Remark 3. The issues discussed in Section 4 are relevant to partial differential equations also. Indeed, it is shown in [53] that imposing excessive smoothness requirements on the solutions to a partial differential equation (e.g., for the sake of simplifying the error analysis or for obtaining a higher convergence order) has drastic implications regarding the class of admissible problems; in particular, the choice of the forcing function in a linear initial-boundary value problem will then completely determine the initial condition in the problem. Our second remark regarding partial differential equations deals with a totally different aspect.

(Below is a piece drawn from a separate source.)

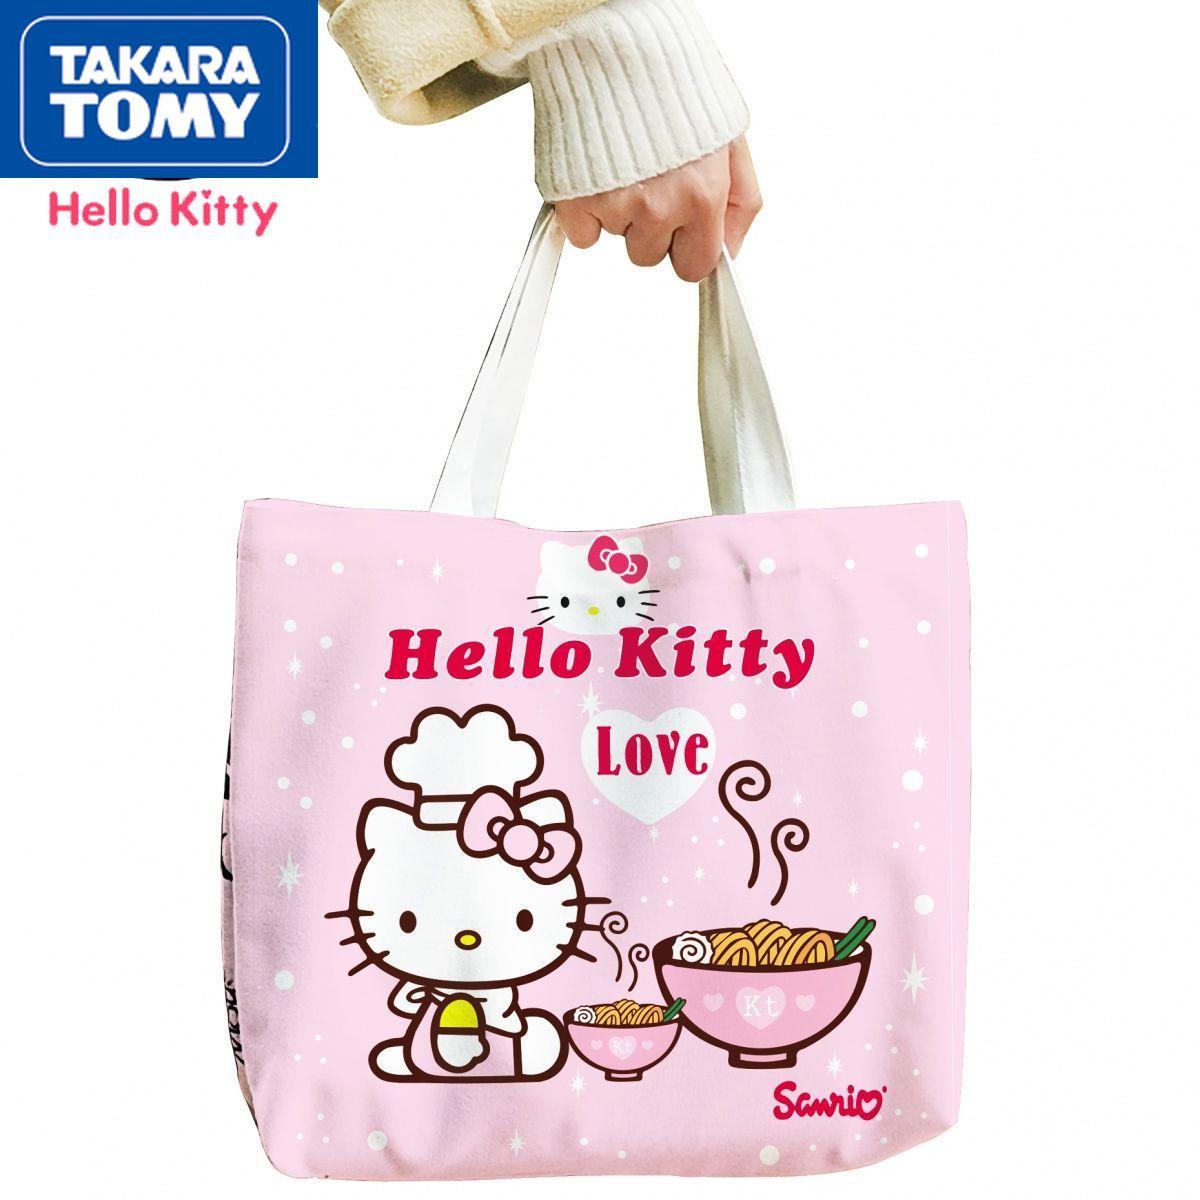 printio сумка hello kitty TAKARA TOMY симпатичная мультяшная Hello Kitty вместительная Холщовая Сумка на одно плечо простая Женская милая и свежая Повседневная сумка

Remark 4. Typical algorithms for time-fractional partial differential equations contain separate discretisation techniques with respect to the time variable and the space variable(s). A current trend is to employ a very high order method for the discretisation of the (non-fractional) differential operator with respect to the space variable. While this might seem an attractive approach at first sight, it has a number of disadvantages. Specifically, while this leads to a smaller discretization error in the space variable, it also increases the algorithm’s overall complexity and makes the understanding of its properties more difficult. This complexity would be acceptable if the overall
error could be reduced significantly. But since the overall error comprises not only the error from the space discretisation but also the contribution from the time approximation, it follows that to reduce the overall error, one must force this latter component to be very small also. As indicated above, we cannot expect to achieve a high convergence order in this variable, so the only way to reach this goal is to choose the time step size very small (in comparison with the space mesh size). From Section 6 we conclude that a standard algorithm with a higher-than-linear complexity is likely to lead to prohibitive run times, and even if the time discretisation uses a method with a linear or almost linear complexity, this very small step size requirement will still imply a high overall cost. Therefore, the use of a high-order space discretisation in a time-fractional partial differential equation is usually inadvisable. 8. Concluding Remarks
In this paper we have tried to describe some issues related to the correct use of numerical methods for fractional-order problems. Unlike integer-order ODEs, numerical methods for FDEs are in general not taught in undergraduate courses and, very often, non-specialists are unaware of the peculiarities and major difficulties that arise in the numerical treatment of FDEs and fractional PDEs.
The availability of only a few well-organized textbooks and monographs in this field, together with the presence of many incorrect results in the literature, makes the situation even more difficult.
Some of the ideas collected in this paper were discussed in the lectures of the Training School on “Computational Methods for Fractional-Order Problems”, held in Bari (Italy) during 22–26 July 2019, and promoted by the Cost Action CA15225—Fractional-order systems: analysis, synthesis and their importance for future design.
We believe that the scientific community should make an effort to raise the level of knowledge in this field by promoting specific academic courses at a basic level and/or by organizing training schools.